Thanks. I'll try to be less hard on myself about it.. I guess he saw my post because we had a talk this morning before i left for work and i feel a bit better about it. The past 9 months proves i love him for him even if we dont do muh sexually. I just miss the closeness i felt when we were more sexually active and at age 23 i've never been with a man who was never in the mood.. It was usually me lol.

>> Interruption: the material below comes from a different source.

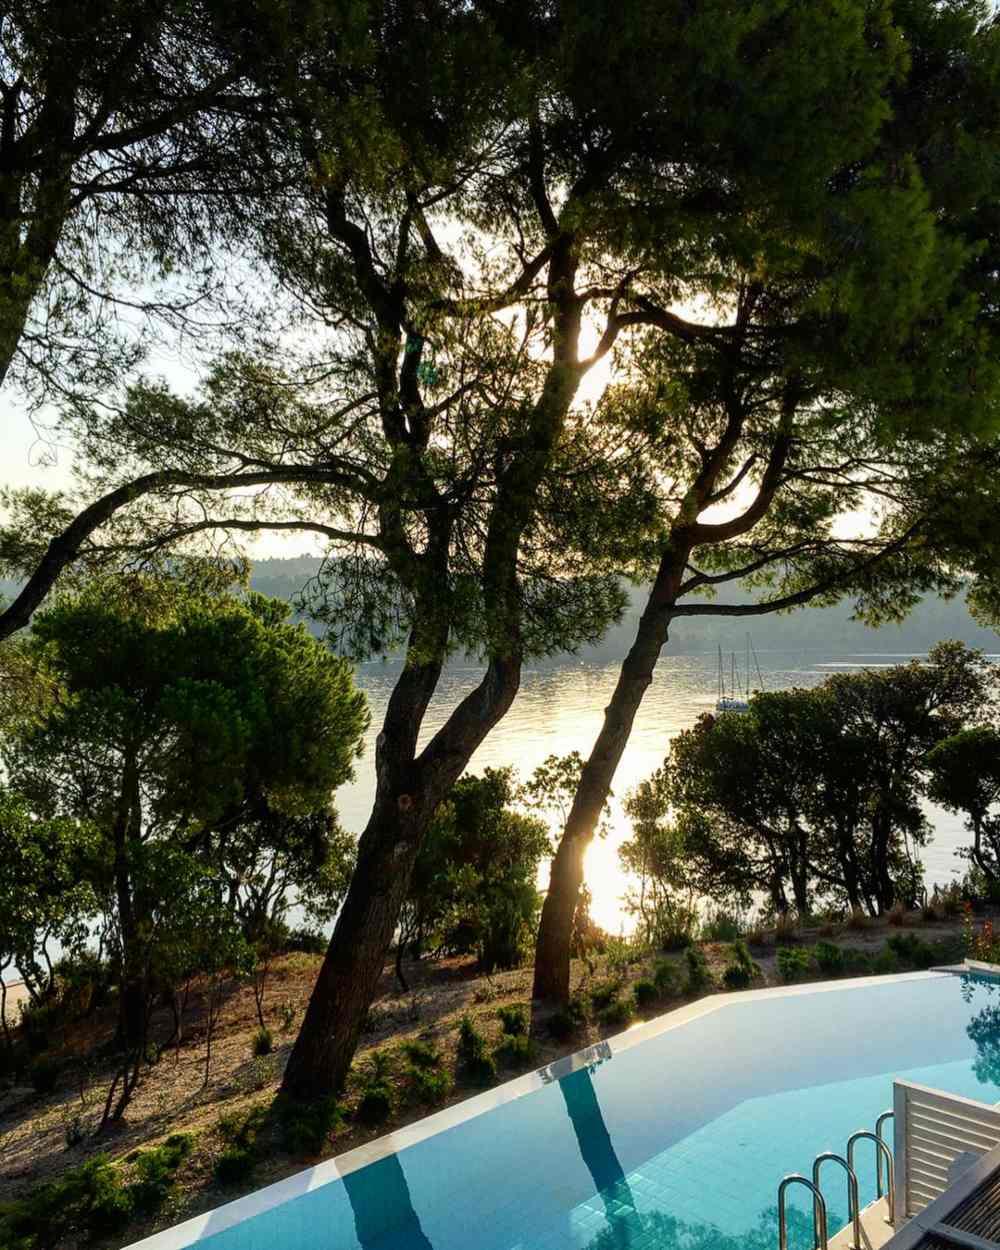 Elivi Skiathos pool & view

So it felt like i was being rejected.
 
It's just so frustrating knowing that he has all the control over our sex life and i can't do a thing about it. We're 22 and 23 and in the first year of our relationship and i already feel old and like we've been together so long he's getting tired of me. I've tried surprising him with things to try to get him in the mood, but it makes me feel worse when i try so hard and he stops me and says, "not now" or "i'll try tomorrow," like we need some kind of appointment for it. I try not to complain about it too much to him, but he knows it disappoints me... I just don't want to constantly make him feel worse about because i know he already feels bad. I don't expect it to be everyday like it was in our first month together, but once a week would be nice. I don't feel like that's alot to ask for. In the beginning of iur relationship i remember him mentioning he had never gone a month without it, but we have... More than once. It kind of makes me feel more like there's something wrong with me if i'm the first person he has been with that he's like this with.